Карл-Александр кипел. Ведь он был популярен в герцогстве, его портрет висел чуть не во всех горницах, народ встречал его криками «ура»! А эти парламентские канальи, эти зажиревшие сопляки и кичливые плебеи шлют ему такую пакостную мазню.

Так он сидел, пил, бранился. Потом вдруг сорвал меховую полость, которой Нейфер обернул ему ногу, и зашагал взад и вперед. Корона! Старый жид предсказывал ему корону! Вот шарлатан! Хороша корона! Он, Карл-Александр, – босяк и проходимец, раз чернь смеет швырнуть ему в лицо такую пакостную писанину. Он бранился так люто и кощунственно, что возвращавшийся с празднества Зюсс, перепугавшись, тут же ночью пристал с расспросами к камердинеру. Но Нейфер, не терпевший еврея, не пожелал ответить.

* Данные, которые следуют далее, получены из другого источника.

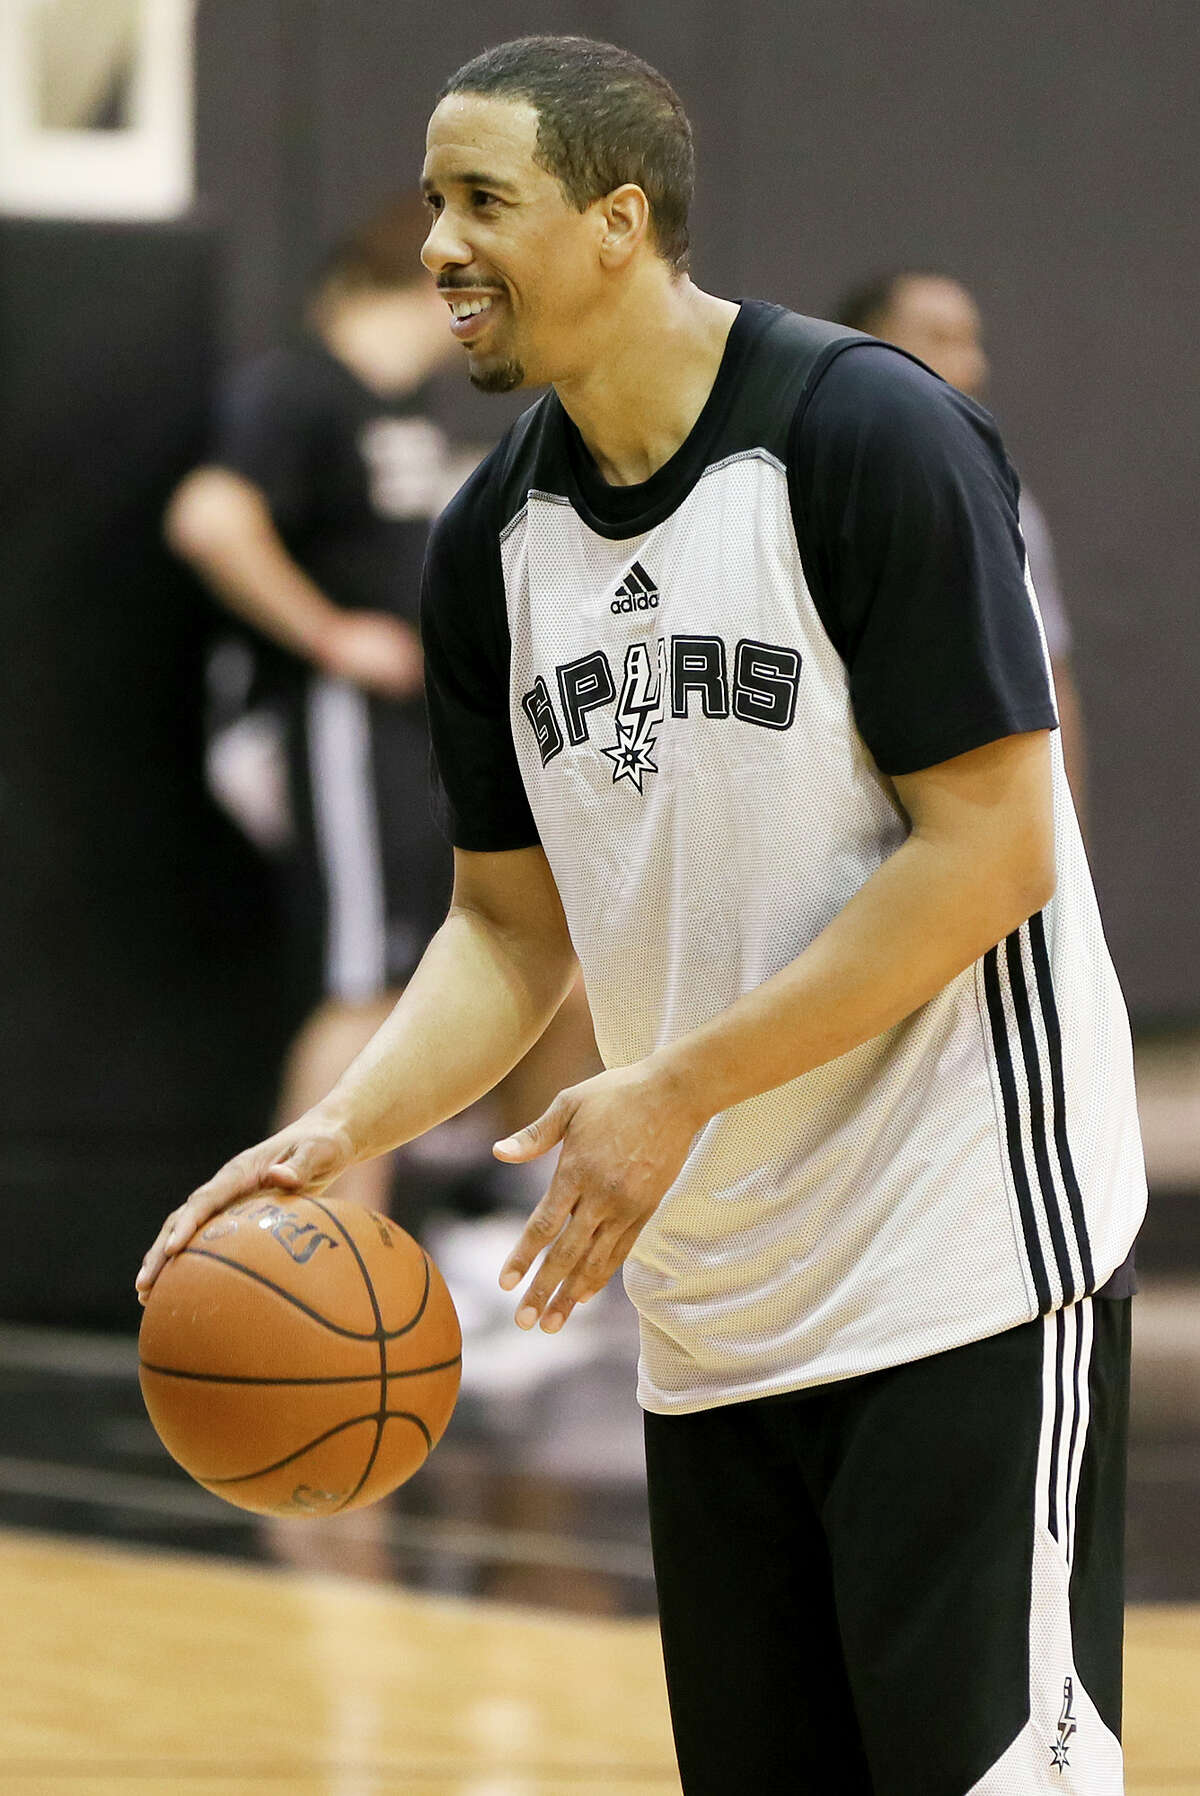 The newest Spurs roster addition, veteran guard Andre Miller, during his first workout at the Spurs practice facility on Tuesday, March 1, 2016.

Назавтра, среди дня, после двукратных тщетных попыток, Зюсс наконец был допущен к принцу. Он бесшумно вошел в комнату, на нем были новые чулки особого фасона, которые ему хотелось показать принцу; его высочество всегда изволили интересоваться вопросами моды. Кроме того, он хотел рассказать о вчерашнем празднике. Но таким гневным он еще никогда не видел принца. Голым колоссом стоял Карл-Александр посреди комнаты, а Нейфер и чернокожий лили на него ушатами воду и растирали его. Он швырнул Зюссу послание ландтага, и пока тот, притихнув, пробегал письмо, принц, отплевываясь и отряхиваясь, накинулся на него:

– Хорош маг твой дядюшка! Здорово ты мне удружил им. Недурная у меня корона!

Зюсс был искренне возмущен грубым ответом ландтага и принялся было в изысканных выражениях высказывать принцу свое негодование по поводу подобной наглости и свою готовность служить ему. Но принц, озлобленный против всех, увидав, как франтоватый Зюсс стоит и держит в руке подлое письмо, неожиданно приказал:

– Нейфер! Отман! Окрестите еврея! Пусть учится плавать!

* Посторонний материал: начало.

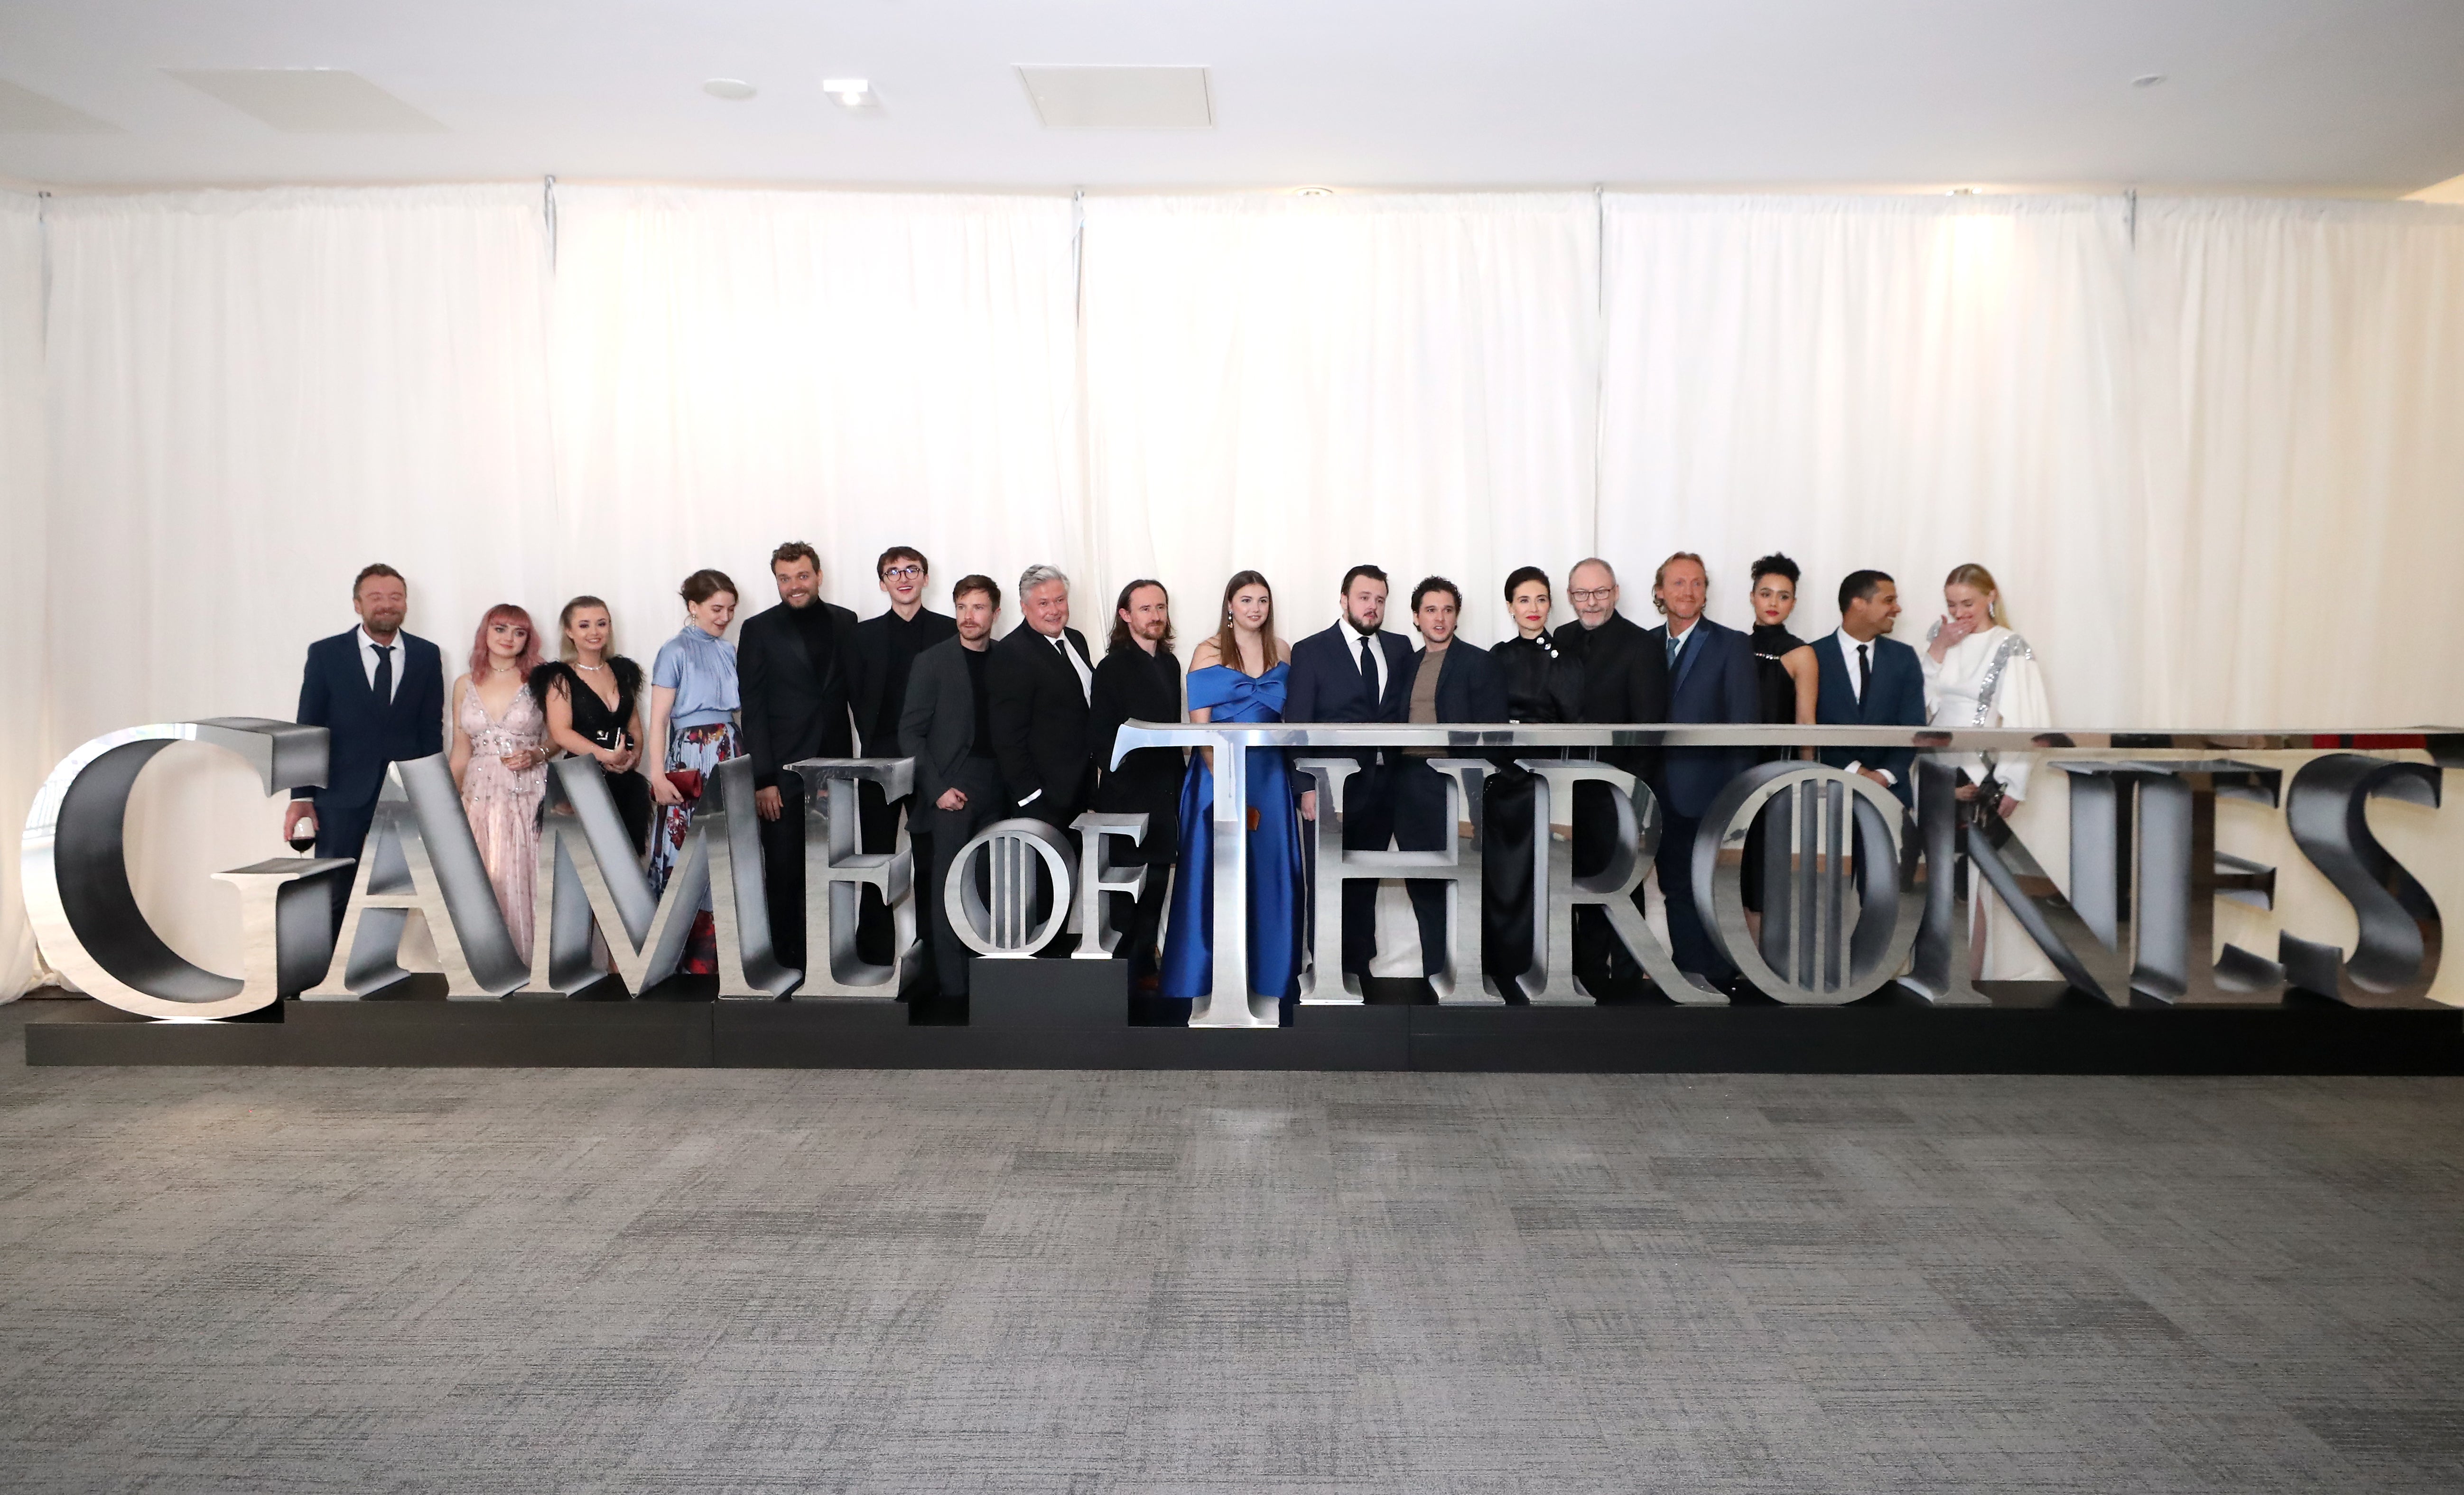 Cast and crew of HBO’s Game Of Thrones attend a premiere at the Waterfront Hall in Belfast (Liam McBurney/PA)

Камердинер и чернокожий немедленно выплеснули на Зюсса целый каскад мыльной воды, а собачонка принца, тявкая, бросилась на него, и перепуганный еврей поспешно ретировался в насквозь промокших штанах и новых чулках, в попорченных башмаках, под громкий хохот принца и слуг.

Зюсс даже не подумал обижаться на фельдмаршала. У знатных господ всякие бывают причуды, так уж оно повелось. Они имеют на это право, и роптать тут не приходится. Снимая мокрую одежду, он решил, что в следующий раз явится еще более покорно свидетельствовать свой решпект и, наверно, будет лучше встречен.

В тот же день прибыл вюрцбургский тайный советник Фихтель. Невзрачный человечек, с узким и умным лицом, тут же, не мешкая, посетил принца.

Да, до вюрцбургского двора уже дошла весть о неожиданном и неслыханном афронте, учиненном ему ландтагом. Светлейший князь-епископ полон гнева и презрения по поводу мелочного и беспардонного скопидомства, коим глупые и наглые плебеи осмелились оскорбить столь великого и славного полководца. Но в премудрости своей владыка нашел другое средство помочь принцу, в назидание зазнавшимся выскочкам и к вящему их конфузу.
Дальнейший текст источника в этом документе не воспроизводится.